→ **Source material**:

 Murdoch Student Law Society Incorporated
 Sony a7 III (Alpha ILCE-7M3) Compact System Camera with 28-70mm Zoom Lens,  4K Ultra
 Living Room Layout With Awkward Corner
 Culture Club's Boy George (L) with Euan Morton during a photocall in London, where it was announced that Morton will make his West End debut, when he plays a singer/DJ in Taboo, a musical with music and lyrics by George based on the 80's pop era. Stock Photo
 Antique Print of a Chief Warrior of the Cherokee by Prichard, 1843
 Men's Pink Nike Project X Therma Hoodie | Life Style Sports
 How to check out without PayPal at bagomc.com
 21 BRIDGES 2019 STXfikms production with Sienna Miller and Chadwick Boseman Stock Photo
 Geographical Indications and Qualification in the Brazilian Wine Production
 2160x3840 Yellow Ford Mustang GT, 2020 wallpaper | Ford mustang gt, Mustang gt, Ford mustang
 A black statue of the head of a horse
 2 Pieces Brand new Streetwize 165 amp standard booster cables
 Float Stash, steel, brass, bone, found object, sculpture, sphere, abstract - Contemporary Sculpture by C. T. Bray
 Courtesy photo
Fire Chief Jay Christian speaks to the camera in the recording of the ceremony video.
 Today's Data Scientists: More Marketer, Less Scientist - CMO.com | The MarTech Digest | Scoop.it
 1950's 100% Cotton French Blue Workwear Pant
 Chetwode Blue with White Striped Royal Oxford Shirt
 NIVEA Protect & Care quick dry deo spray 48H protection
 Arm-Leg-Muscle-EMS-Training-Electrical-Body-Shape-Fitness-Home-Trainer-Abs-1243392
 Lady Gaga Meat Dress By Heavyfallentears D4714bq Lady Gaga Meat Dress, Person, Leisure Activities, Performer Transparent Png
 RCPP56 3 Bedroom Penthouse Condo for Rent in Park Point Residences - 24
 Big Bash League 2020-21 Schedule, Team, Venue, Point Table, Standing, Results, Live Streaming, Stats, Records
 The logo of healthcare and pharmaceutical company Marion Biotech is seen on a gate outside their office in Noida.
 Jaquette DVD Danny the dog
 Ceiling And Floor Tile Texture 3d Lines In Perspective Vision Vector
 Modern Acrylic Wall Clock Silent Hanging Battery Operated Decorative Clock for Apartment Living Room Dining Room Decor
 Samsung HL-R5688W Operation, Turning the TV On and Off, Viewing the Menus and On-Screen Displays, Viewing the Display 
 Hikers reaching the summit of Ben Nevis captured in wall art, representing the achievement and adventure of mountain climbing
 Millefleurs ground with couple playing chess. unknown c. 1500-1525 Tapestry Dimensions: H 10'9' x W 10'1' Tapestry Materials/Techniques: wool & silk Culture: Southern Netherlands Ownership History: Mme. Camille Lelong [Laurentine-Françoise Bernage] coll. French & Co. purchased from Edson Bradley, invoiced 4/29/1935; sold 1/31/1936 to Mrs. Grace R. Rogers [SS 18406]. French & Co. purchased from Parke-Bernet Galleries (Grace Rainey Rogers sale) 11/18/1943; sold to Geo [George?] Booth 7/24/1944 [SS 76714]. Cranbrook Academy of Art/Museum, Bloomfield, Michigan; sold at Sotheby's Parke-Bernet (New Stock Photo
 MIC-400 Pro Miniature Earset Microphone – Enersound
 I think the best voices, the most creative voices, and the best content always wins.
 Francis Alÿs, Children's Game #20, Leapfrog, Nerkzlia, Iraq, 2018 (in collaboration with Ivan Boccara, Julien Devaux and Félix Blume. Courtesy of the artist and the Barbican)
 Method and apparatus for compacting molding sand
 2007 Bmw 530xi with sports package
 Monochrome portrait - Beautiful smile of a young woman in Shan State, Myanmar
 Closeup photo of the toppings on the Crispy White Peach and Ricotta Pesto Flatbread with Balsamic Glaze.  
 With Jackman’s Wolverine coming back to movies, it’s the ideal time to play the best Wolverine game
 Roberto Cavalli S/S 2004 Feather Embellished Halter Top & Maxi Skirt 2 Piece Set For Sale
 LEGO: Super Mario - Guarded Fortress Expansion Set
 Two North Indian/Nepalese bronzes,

→ **Task to carry out**: From the data above, return every line from the line that has "Closeup photo of" up to and including the line that has "With Jackman’s Wolverine", exactly.

→ **Result**:
 Closeup photo of the toppings on the Crispy White Peach and Ricotta Pesto Flatbread with Balsamic Glaze.  
 With Jackman’s Wolverine coming back to movies, it’s the ideal time to play the best Wolverine game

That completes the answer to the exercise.